INTRODUCTION Sebaceous cell carcinoma is a highly malignant neoplasm that arises from sebaceous glands, and the vast majority of these occur around the eyelids. It can derive from the meibomian glands, glands of Zeis, and from sebaceous glands associated with the pilosebaceous unit. Sebaceous cell carcinoma is an aggressive tumor with a high recurrence rate, a significant metastatic potential, and a notable mortality rate. Although relatively rare, sebaceous gland carcinoma represents the third most common eyelid malignancy, accounting for 1.0% to 5.5% of all eyelid cancers. It affects all races and occurs more commonly in women than in men. It usually presents in the sixth to seventh decades, but cases in younger patients, even children, have been reported. There is a clear link between sebaceous gland carcinoma and prior radiation therapy. It may invade locally into the globe, the orbit, the sinuses, or the brain. Metastases spread via local lymphatics to preauricular and submandibular lymph nodes or by hemotogenous spread to distant sites. Once metastases develop, the five-year survival rate is only 30% to 50%.

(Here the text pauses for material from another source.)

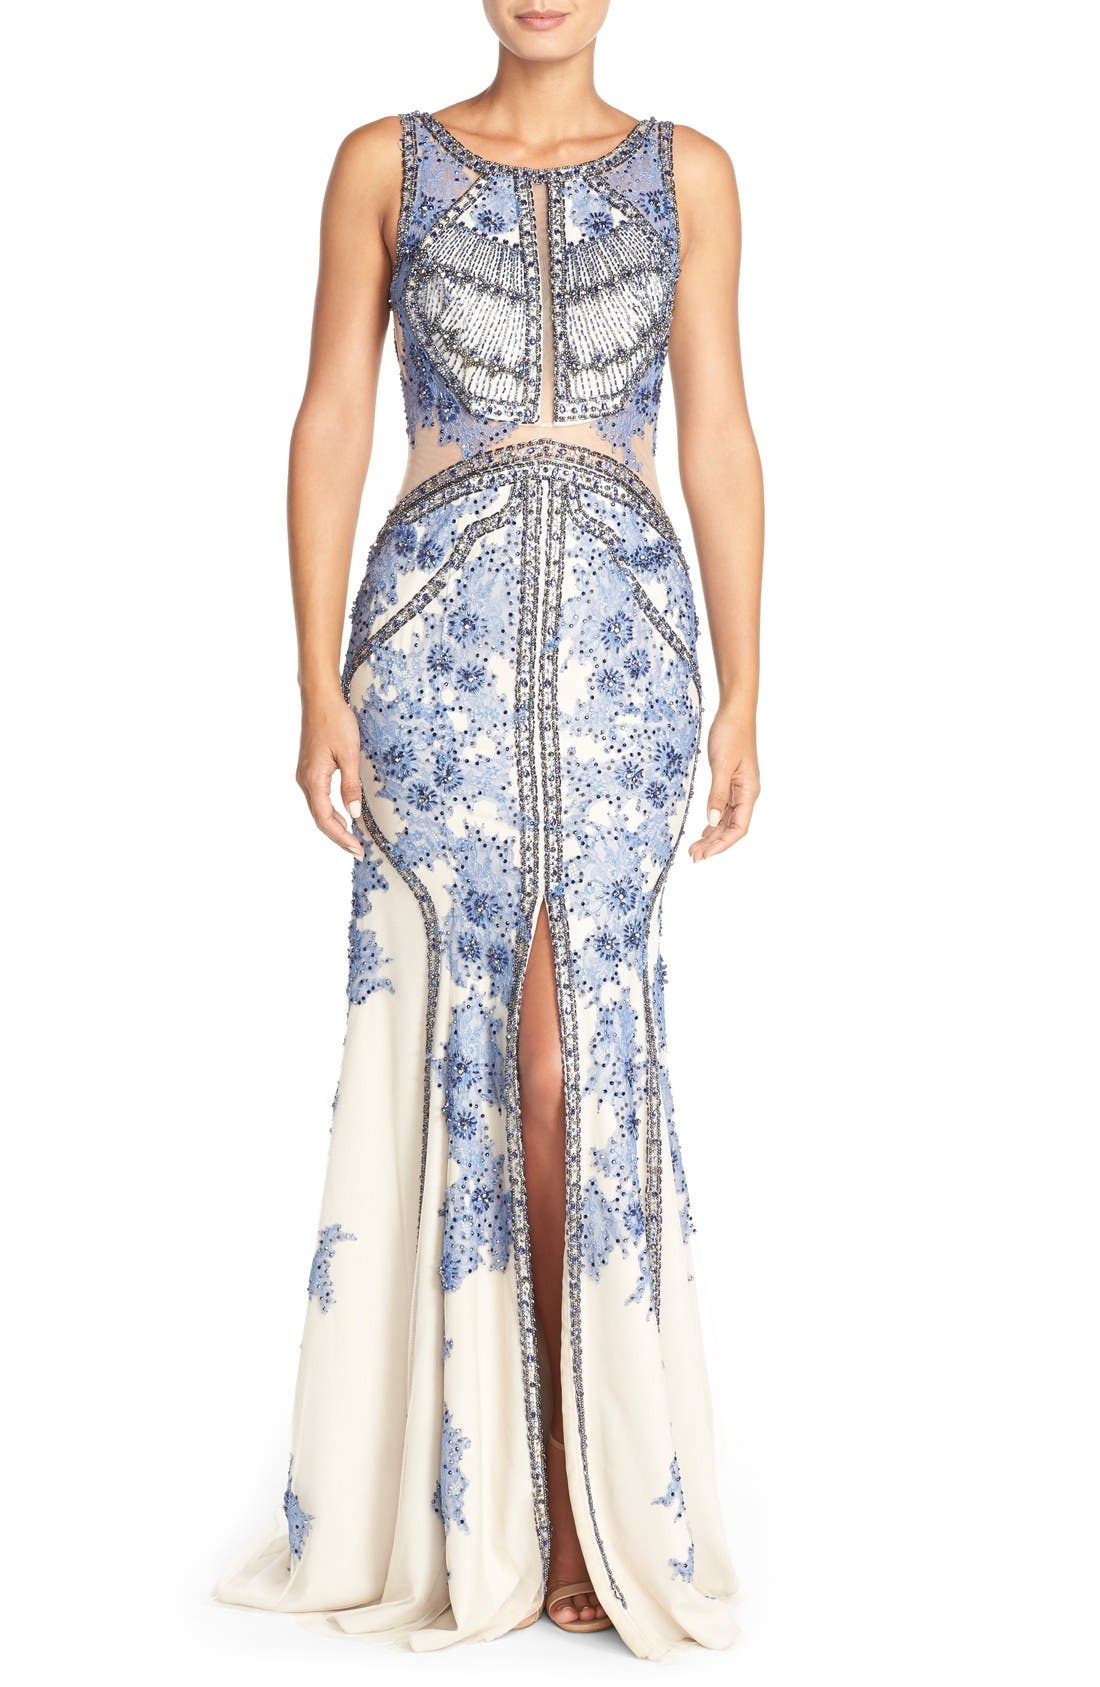 Main Image - TeraniCouture Embellished Sleeveless Gown

CLINICAL PRESENTATION The upper eyelid is the site of origin in about two thirds of all cases, presumably due to a greater number of meibomian glands on the upper eyelid. The clinical appearance is varied and sebaceous cell carcinoma is very frequently misdiagnosed as a benign process. Often it presents as a firm, yellow nodule that resembles a chalazion. It can mimic a chronic blepharo-conjunctivitis or meibomianitis that does not respond to standard therapies (the so-called masquerade syndrome). A more worrisome presentation may be as a plaque-like thickening of the tarsal plate with destruction of meibomian gland orifices and tumor invasion of eyelash follicles leading to madarosis, or loss of lashes. Tumor tends to invade the overlying epithelium which may result in the formation of nests of malignant cells. This is known as pagetoid spread. Pagetoid spread of the tumor may result in diffuse spread of the tumor that replaces the entire thickness of the conjunctiva (intraepithelial carcinoma) and mimics conjunctivitis. This lesion can exhibit multicentric spread to the conjunctiva, corneal epithelium and even to the other eyelid. It may also spread through the caniliculus to the lacrimal excretory system and the nasal cavity.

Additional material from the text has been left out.